Effect of SRP54 depletion on mRNA expression in cultured human cells

Regulation of Aberrant Protein Production (RAPP) is a recently discovered protein quality control pathway that monitors proteins during their synthesis at the ribosome and degrades their mRNA if the proteins are not able to interact with their natural partners. In this study we induced RAPP by knockdown of SRP54, a Signal Recognition Particle subunit, and studied its effect at the full transcriptome level. The mRNA expression levels of many secretory and membrane proteins were decreased demonstrating the generality of the pathway. The RAPP activation leads to dramatic upregulation of the specific network of ribosome-associated HSP70/40/90 chaperones (HSPA1A, DNAJB1, HSP90AA1, and others), increased ribosome associated ubiquitination, and change in expression of RPS27 and RPS27L suggesting ribosome rearrangement. The results demonstrate a complex nature of mRNA and protein quality control at the ribosome.

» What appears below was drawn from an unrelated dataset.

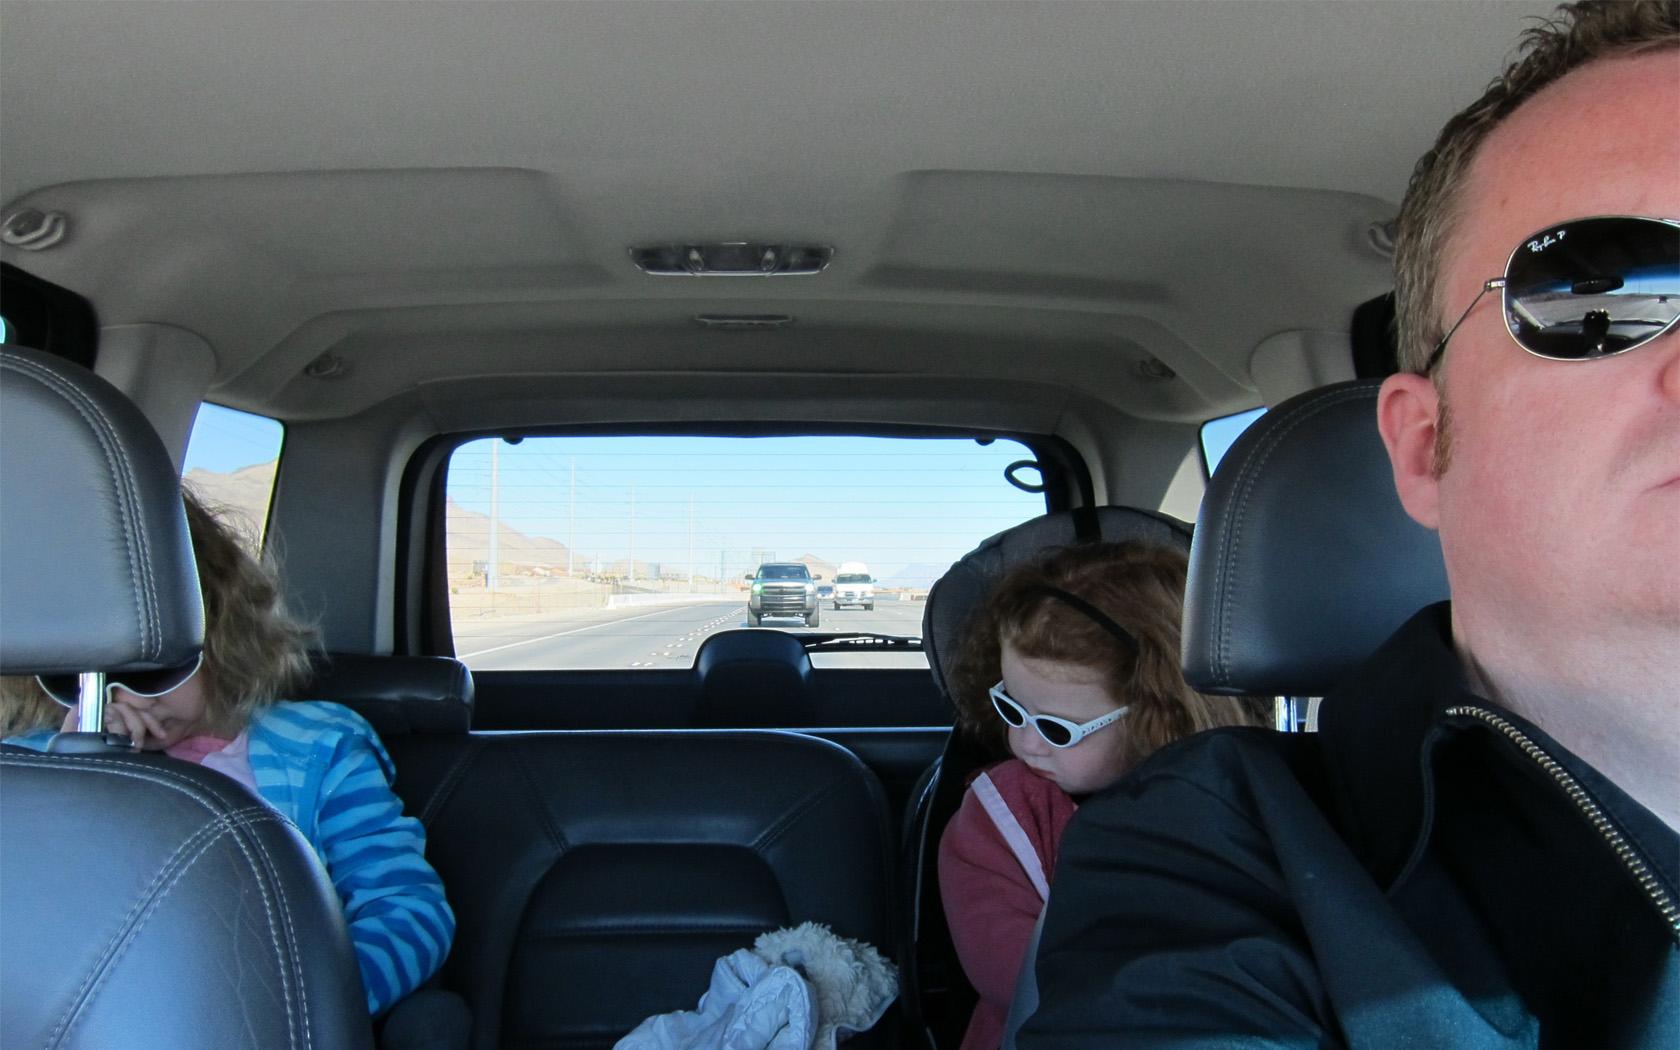 Driving_with_kids_in_desert.jpg

Two experimental condition (treated and control cells). Treatment: HeLa Tet-On cells were transfected with siRNA for SRP54 to knockdown SRP54. Control: HeLa Tet-On cells were transfected with control siRNA. Each experimental condition included three independent biological replicates.

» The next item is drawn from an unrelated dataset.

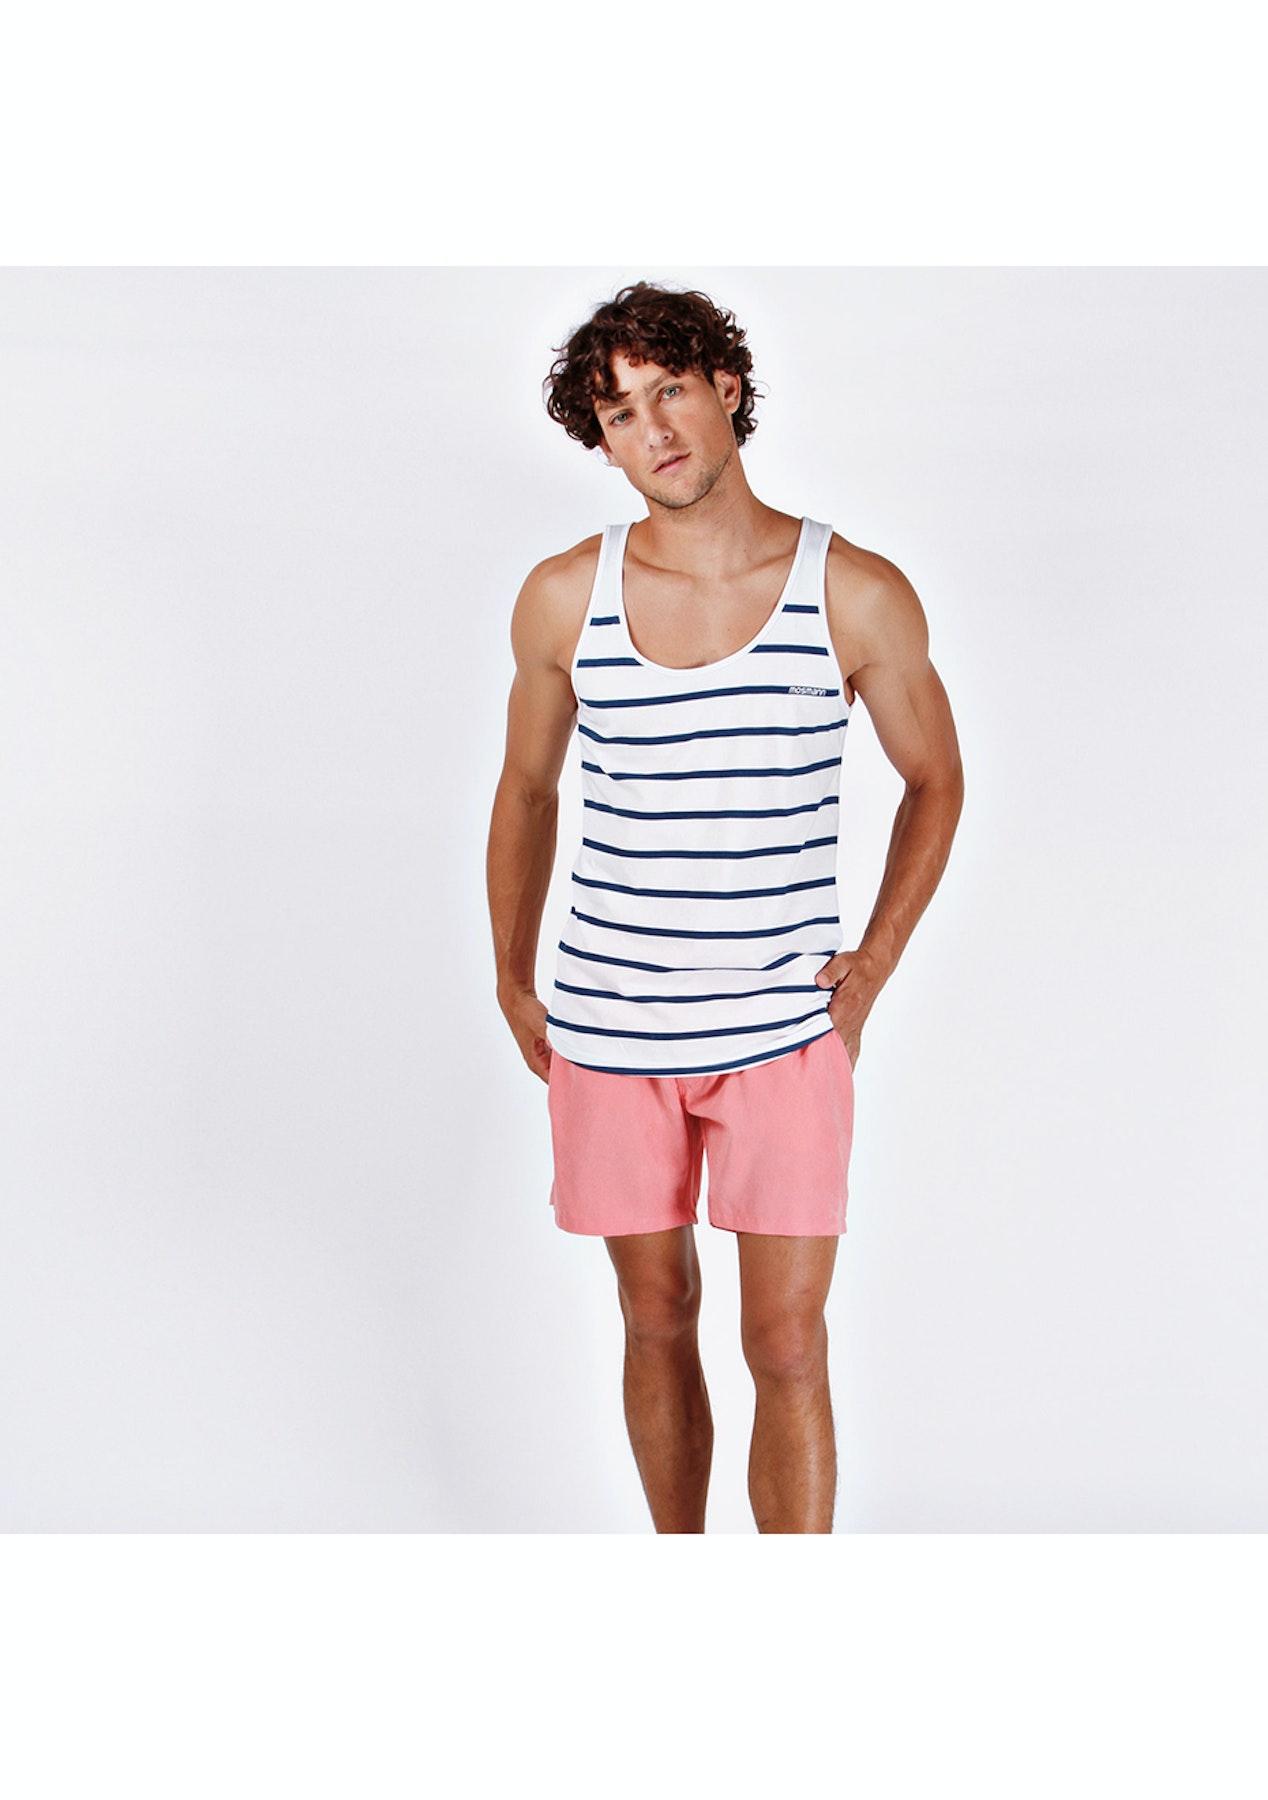 1ba4a97f28 Mosmann Australia - Resort Mid Swim Shorts - Pale Coral - Under $40 Mens  Swim Shorts - Onceit

异常蛋白质生成调控（Regulation of Aberrant Protein Production, RAPP）是近年来新发现的蛋白质质量控制通路，可在蛋白质于核糖体合成过程中实施监控，若蛋白质无法与其天然结合伴侣相互作用，则降解其对应的信使RNA（mRNA）。本研究通过敲低信号识别颗粒（Signal Recognition Particle, SRP）亚基SRP54来诱导RAPP通路激活，并在全转录组层面探究其调控效应。众多分泌蛋白与膜蛋白的mRNA表达水平出现下调，证实了该通路的普适性。RAPP通路激活可显著上调核糖体结合型HSP70/40/90分子伴侣网络（HSPA1A、DNAJB1、HSP90AA1等）的表达，提升核糖体结合泛素化水平，并改变RPS27与RPS27L的表达水平，提示存在核糖体重排现象。研究结果揭示了核糖体层面mRNA与蛋白质质量控制的复杂机制。本研究设置两组实验条件：处理组与对照组细胞。处理组：将HeLa Tet-On细胞转染靶向SRP54的小干扰RNA（siRNA）以敲低SRP54表达；对照组：将HeLa Tet-On细胞转染阴性对照siRNA。每组实验条件均设置3次独立生物学重复。